Perhaps our role on this planet is not to worship God—but to create Him.
—Arthur C. Clarke
Epicurus' old questions are yet unanswered. Is [God] willing to prevent evil, but not able? then is he impotent. Is he able, but not willing? then is he malevolent. Is he both able and willing? whence then is evil?
—David Hume
Men . . . have had the vanity to pretend that the whole creation was made for them, whilst in reality the whole creation does not suspect their existence.
—Camille Flammarion
Fear was the gods' begetter in this world.
—Petronius
We are here because one odd group of fishes had a peculiar fin anatomy that could transform into legs for terrestrial creatures; because the earth never froze entirely during an ice age; because a small and tenuous species, arising in Africa a quarter of a million years ago, has managed, so far, to survive by hook and by crook.
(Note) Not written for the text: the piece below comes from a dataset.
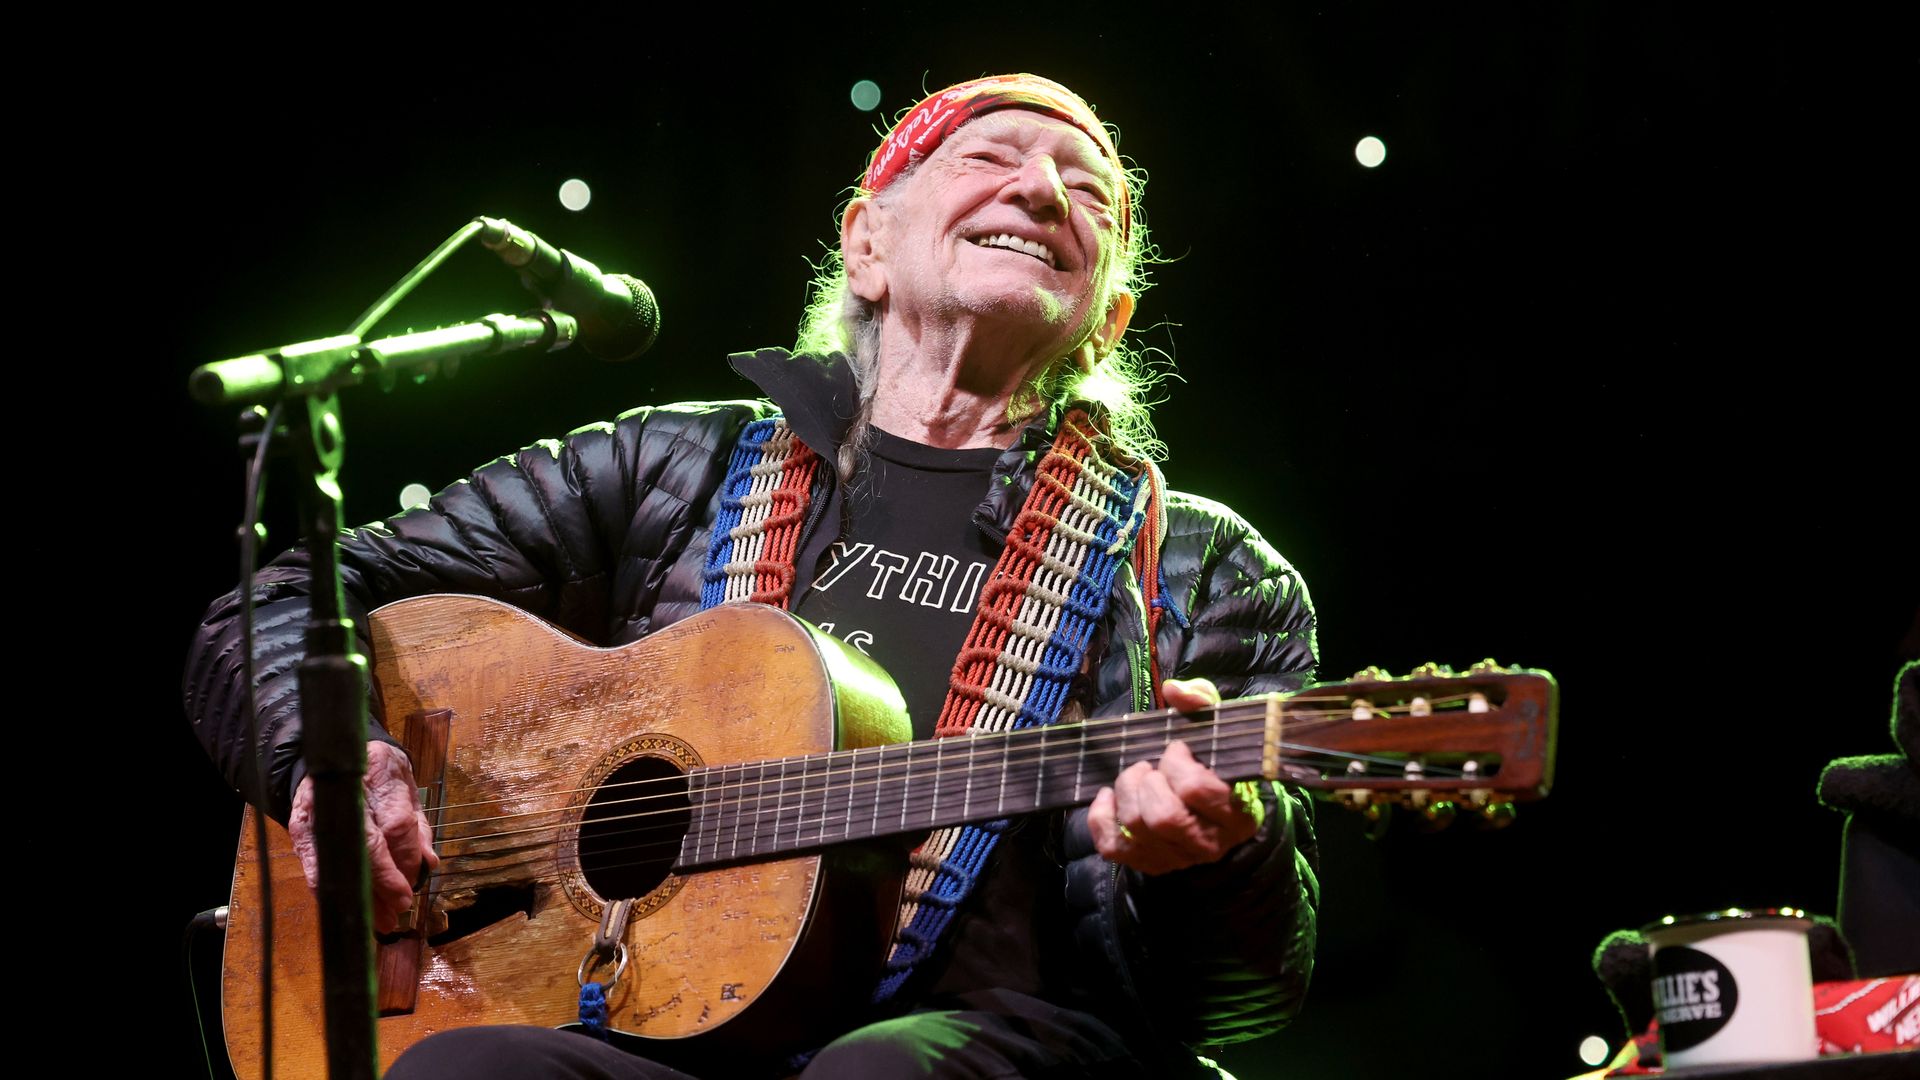 Willie Nelson smiles and sits while playing an acoustic guitar in a darkened music venue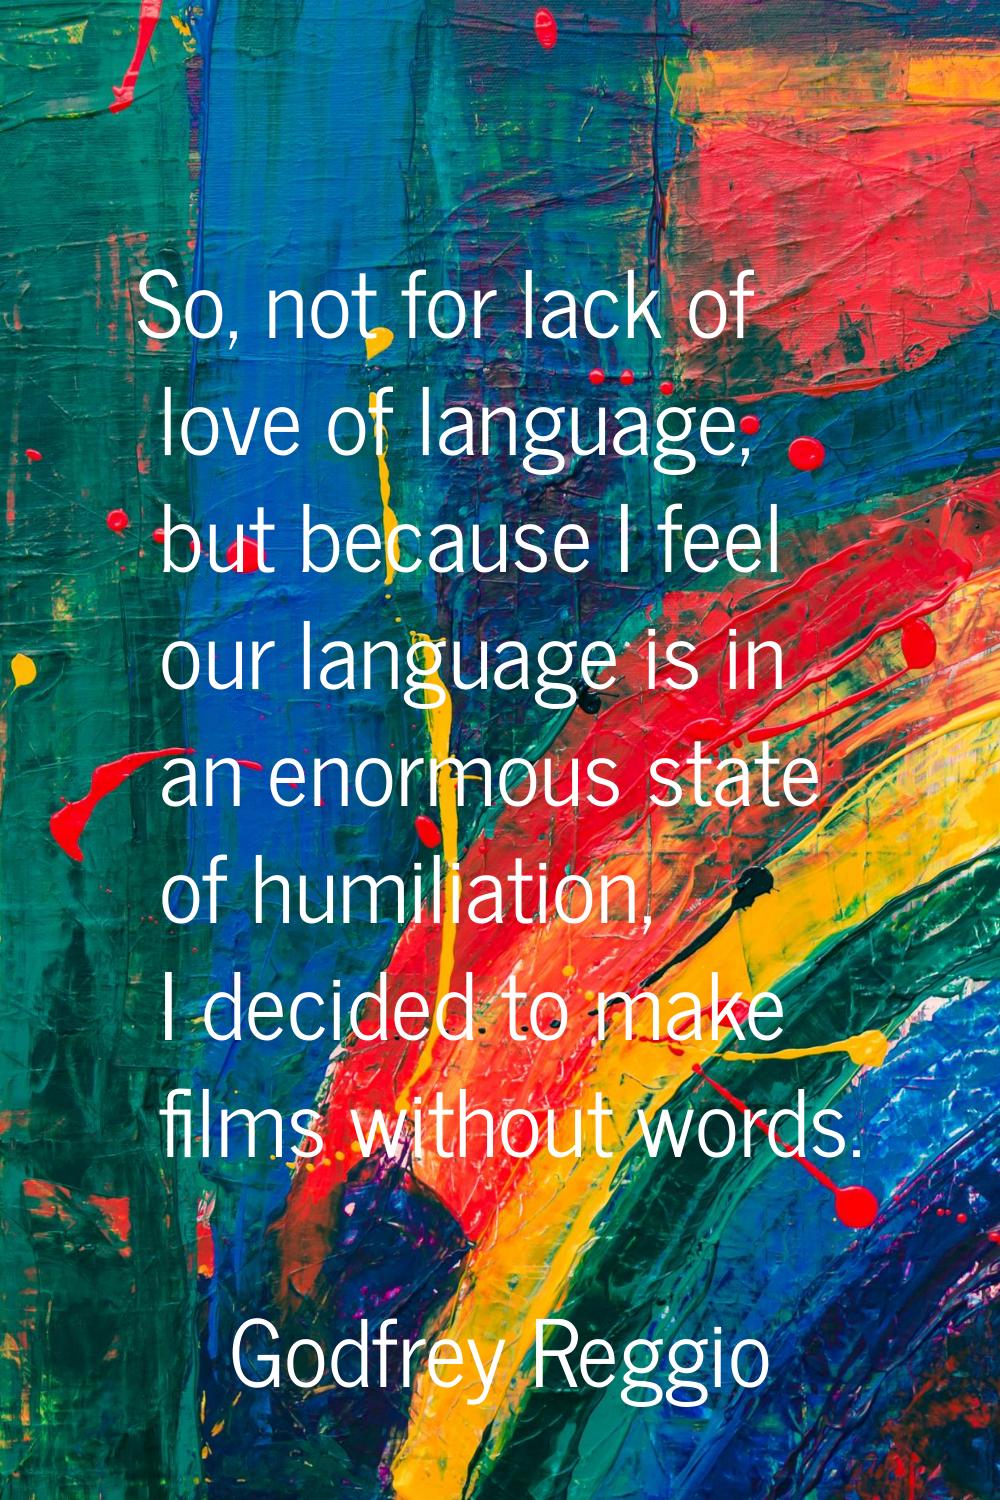 So, not for lack of love of language, but because I feel our language is in an enormous state of hu

We may yearn for a "higher" answer—but none exists.
—Stephen Jay Gould
As for me, I've long resolved not to think whether man created God or God man.
—Fyodor Dostoyevsky
Geology shows that fossils are of different ages. Paleontology shows a fossil sequence, the list of species representing changes throughtime. Taxonomy shows biological relationships among species. Evolution is the explanation that threads it all together. Creationism is the practice of squeezing one's eyes shut and wailing "Does not!"
—Anonymous
If you believe that there is a God, a God that made your body, and yet you think that you can do anything with that body that's dirty, then the fault lies with the manufacturer.
—Lenny Bruce
From the point of view of a tapeworm, man was created by God to serve the appetite of the tapeworm.
—Edward Abbey
The idea of God is the sole wrong for which I cannot forgive mankind.
—Marquis de Sade
Men create the gods after their own image, not only with regard to their form but with regard to their mode of life.
—Aristotle
We shall tell ourselves that it would be very nice if there were a God who created the world and was a benevolent Providence, and if there were a moral order in the universe and an after-life; but it is a very striking fact that all this is exactly as we are bound to wish it to be.
—Sigmund Freud
Brute force crushes many plants. Yet the plants rise again. The Pyramids will not last a moment compared with the daisy. And before Buddha or Jesus spoke the nightingale sang, and long after the words of Jesus and Buddha are gone into oblivion the nightingale still will sing. Because it is neither preaching nor teaching nor commanding nor urging. It is just singing. And in the beginning was not a Word, but a chirrup.
—D. H. Lawrence
At the beginning there was the Word—at the end just the Cliché.